The association between PDE-5 inhibitors prescribed for erectile dysfunction and optic neuropathy is still under investigation.10,11 Recent data demonstrate a small but statistically significant increase in the risk of AION from PDE-5 inhibitor exposure.9 While the role of PDE-5 inhibitors in causing ischemic injury to the optic nerve is unknown, there may be an association between AION and PDE-5 inhibitors due to their vasomotor effects on the nitric oxide/cyclic guanosine monophosphate (NO/cGMP) pathway.4 The NO/cGMP pathway is important for both regulation of normal ocular blood flow and photoreceptor transduction.3 PDE-5 breaks down cGMP and therefore reduces NO-induced vasodilation.3 PDE-5 inhibitors increase cGMP concentration and subsequently may lead to vasodilation and reduction in optic nerve perfusion.
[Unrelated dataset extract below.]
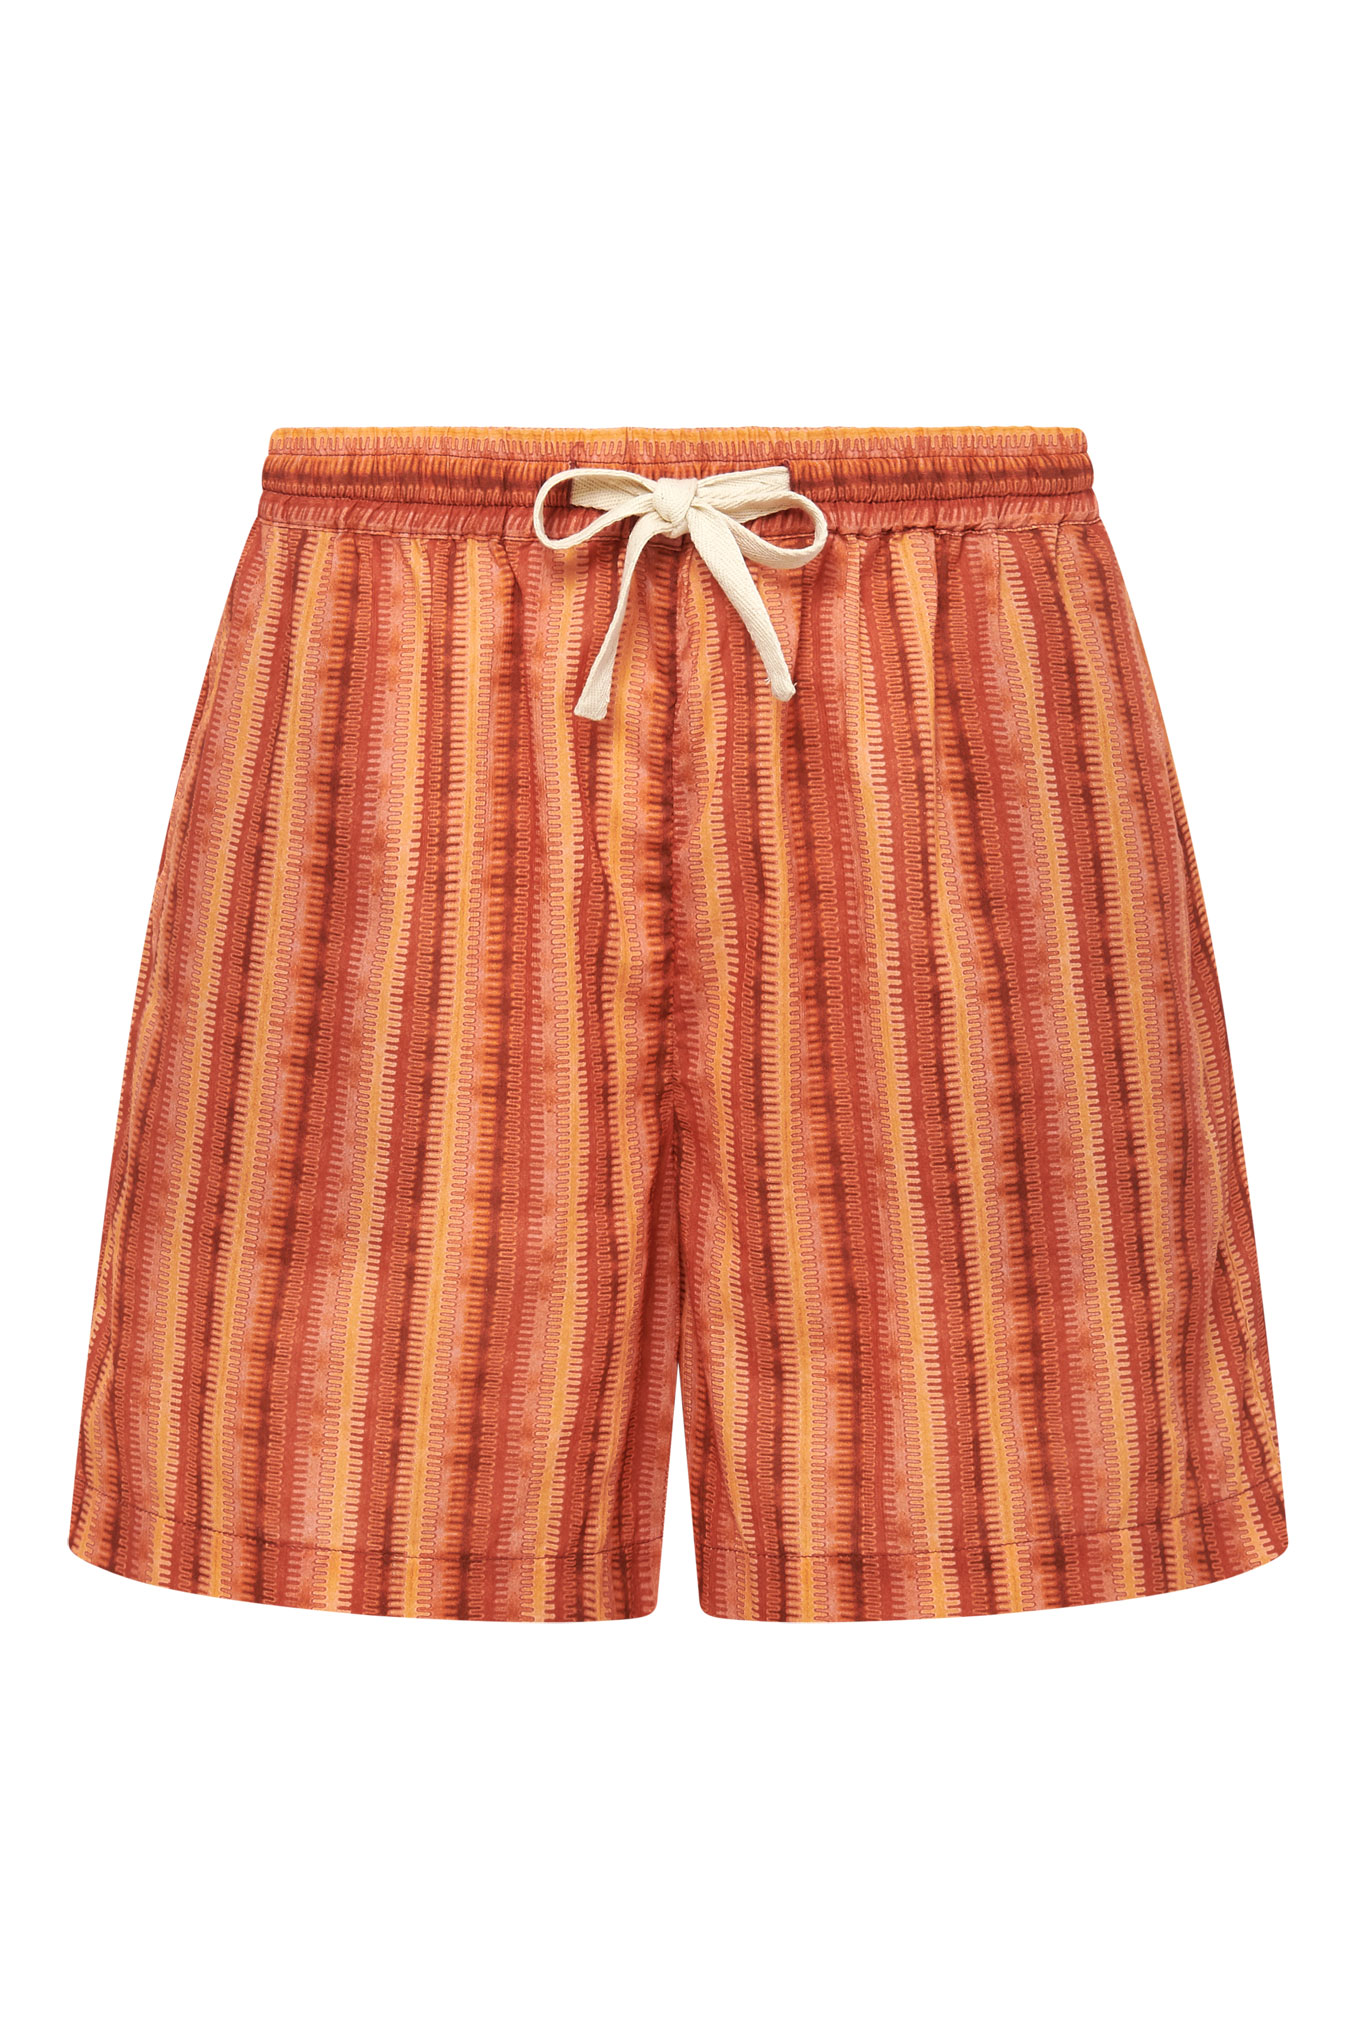 LEAH - Organic Cotton Weave Stripe Peach Shorts

Optic nerve hypoperfusion may also occur because PDE-5 is found in smooth muscle cells of the systemic arteries and veins throughout the body, and thus PDE-5 inhibitors may induce systemic hypotension because of the mild systemic vasodilator effects.13
Our patient developed atypical optic neuropathy and eventually admitted to using several over-the-counter “herbal” sexual enhancement supplements prior to his visual symptoms and throughout his steroid treatment, which had a Chinese label claiming it may contain PDE-5 inhibitors, “male hormones,” and “substances that enhance blood production.” He did not disclose the amount or frequency of supplement use. The patient’s progressive clinical course was not typical of optic neuritis or AION. The patient’s age, pain with ocular motility, optic nerve head edema, and optic nerve enhancement on MRI were more consistent with optic neuritis and perineuritis. However, the lack of improvement and progression of the optic nerve enhancement on MRI despite high-dose corticosteroids is not typical for optic neuritis. The MRI findings are also not consistent with AION wherein optic nerve enhancement is not usually present.14–16
We hypothesize that the continued use of over-the-counter sexual enhancement supplements may have led to a reduction of optic nerve perfusion, leading to serial ischemic insults. While one case cannot establish association, our case may suggest the potential dangers of unregulated over-the-counter sexual enhancement supplements, and patients using these supplements should be educated about the potential risks. In the event of optic neuropathy, these medications should likely be discontinued to reduce the possible risk of further visual loss to both the affected and the unaffected eyes. Our case also underscores the importance of obtaining a careful history of supplements in patients with optic neuropathies.
This work was supported by the National Institutes of Health Center Core (grant P30EY014801), and a Research to Prevent Blindness Unrestricted Grant.
The authors report no conflicts of interest in this work.